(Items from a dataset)
-----

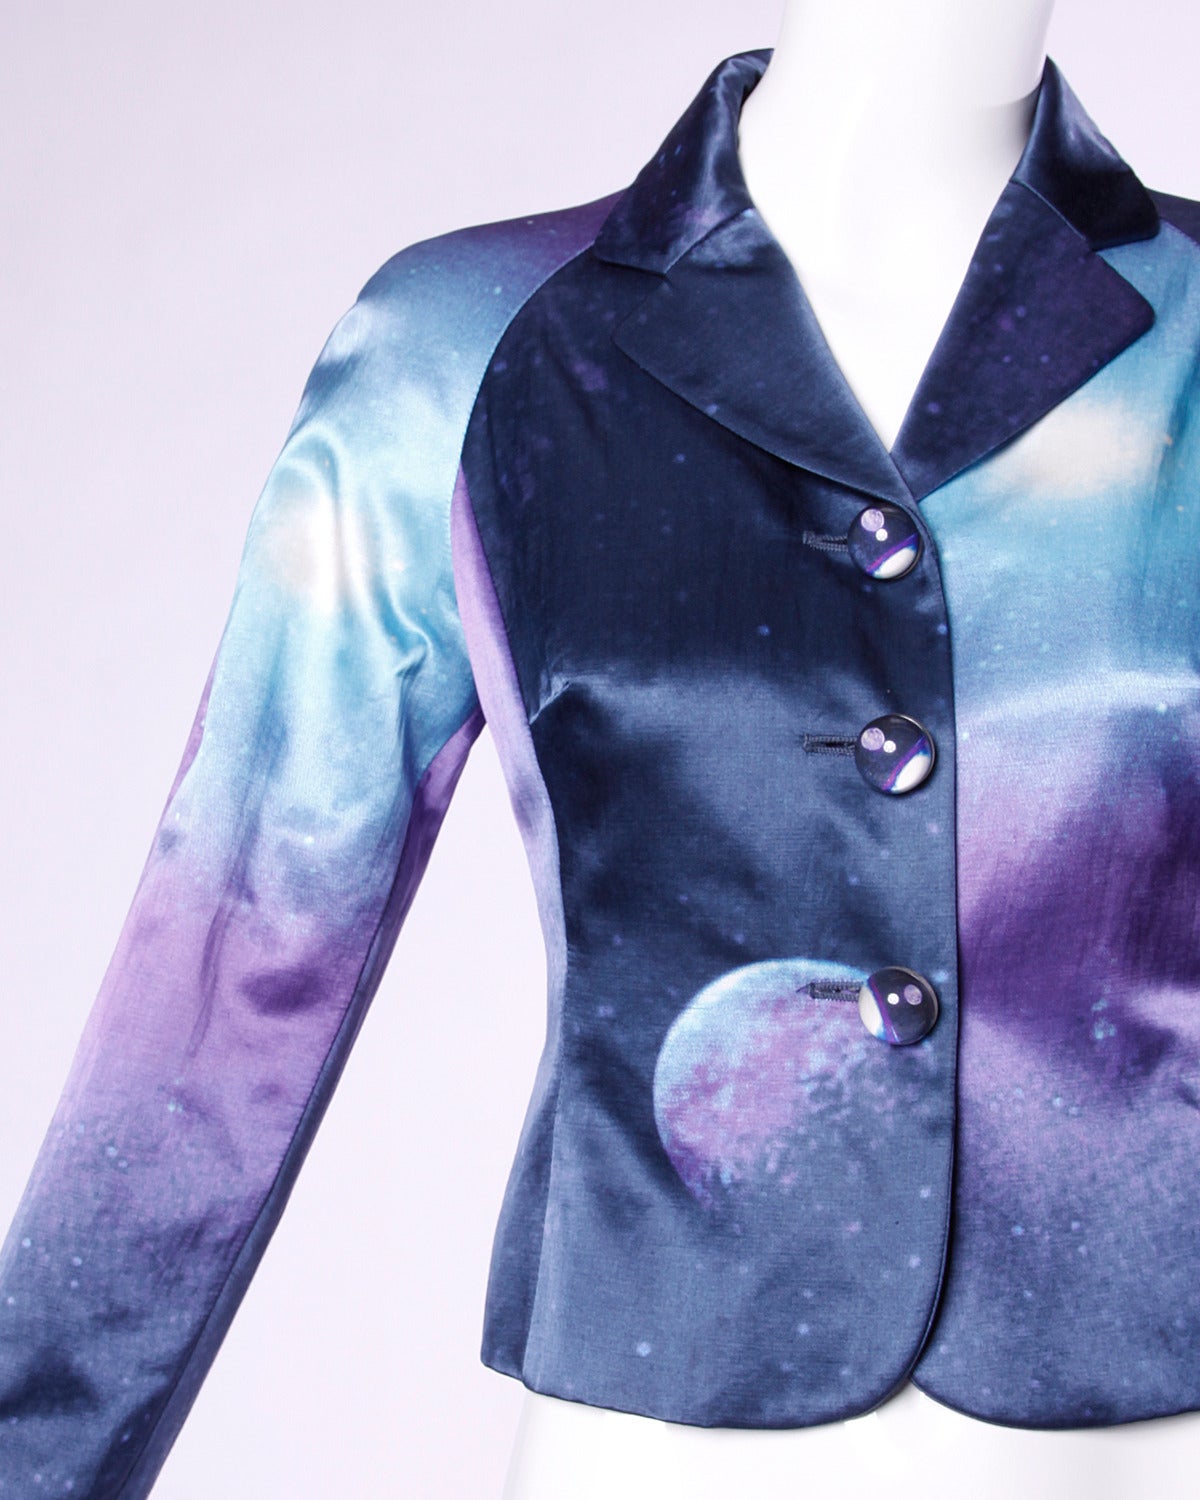 Moschino did it first! Vintage galaxy print jacket in cool tones of blue and purple featuring clear oversized buttons with a moonscape inside. A rare and highly collectible piece!

Details:

Fully Lined
Front Button Closure
Marked Size: I 42/
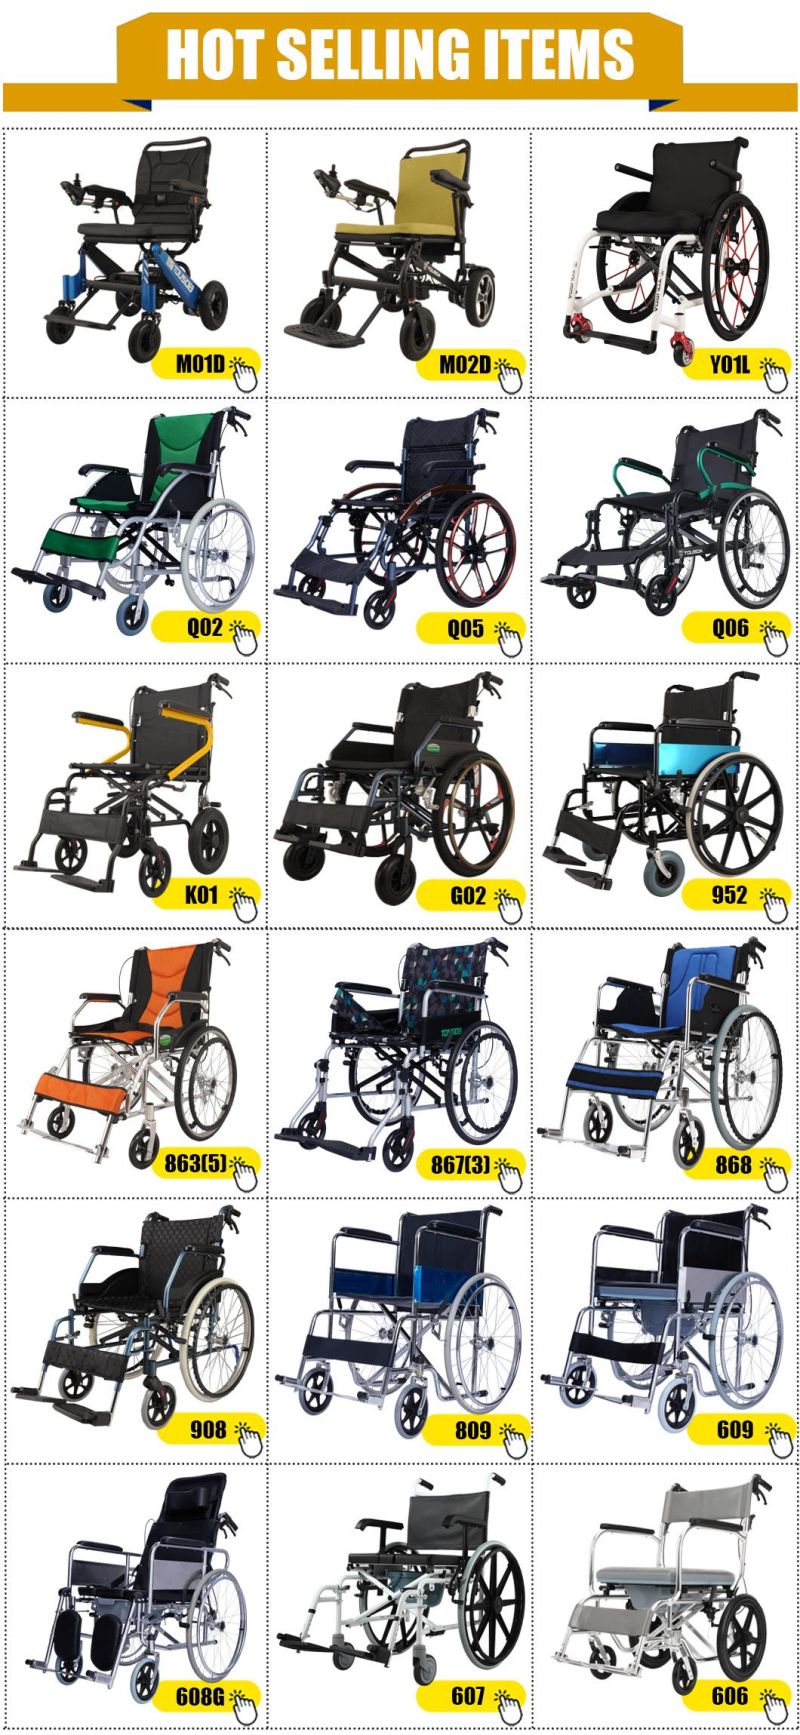 Silla De Ruedas Scooter Price Medical Aluminum Toilet Shower Commode Sport Folding Manual FDA Approved Powered Electric Automatic Wheelchair for Sale Cheap

-----

== Task ==
When you print the records above, keep them exact and leave out the pictures.

== Solution to this task ==
 Moschino did it first! Vintage galaxy print jacket in cool tones of blue and purple featuring clear oversized buttons with a moonscape inside. A rare and highly collectible piece!

Details:

Fully Lined
Front Button Closure
Marked Size: I 42/
 Silla De Ruedas Scooter Price Medical Aluminum Toilet Shower Commode Sport Folding Manual FDA Approved Powered Electric Automatic Wheelchair for Sale Cheap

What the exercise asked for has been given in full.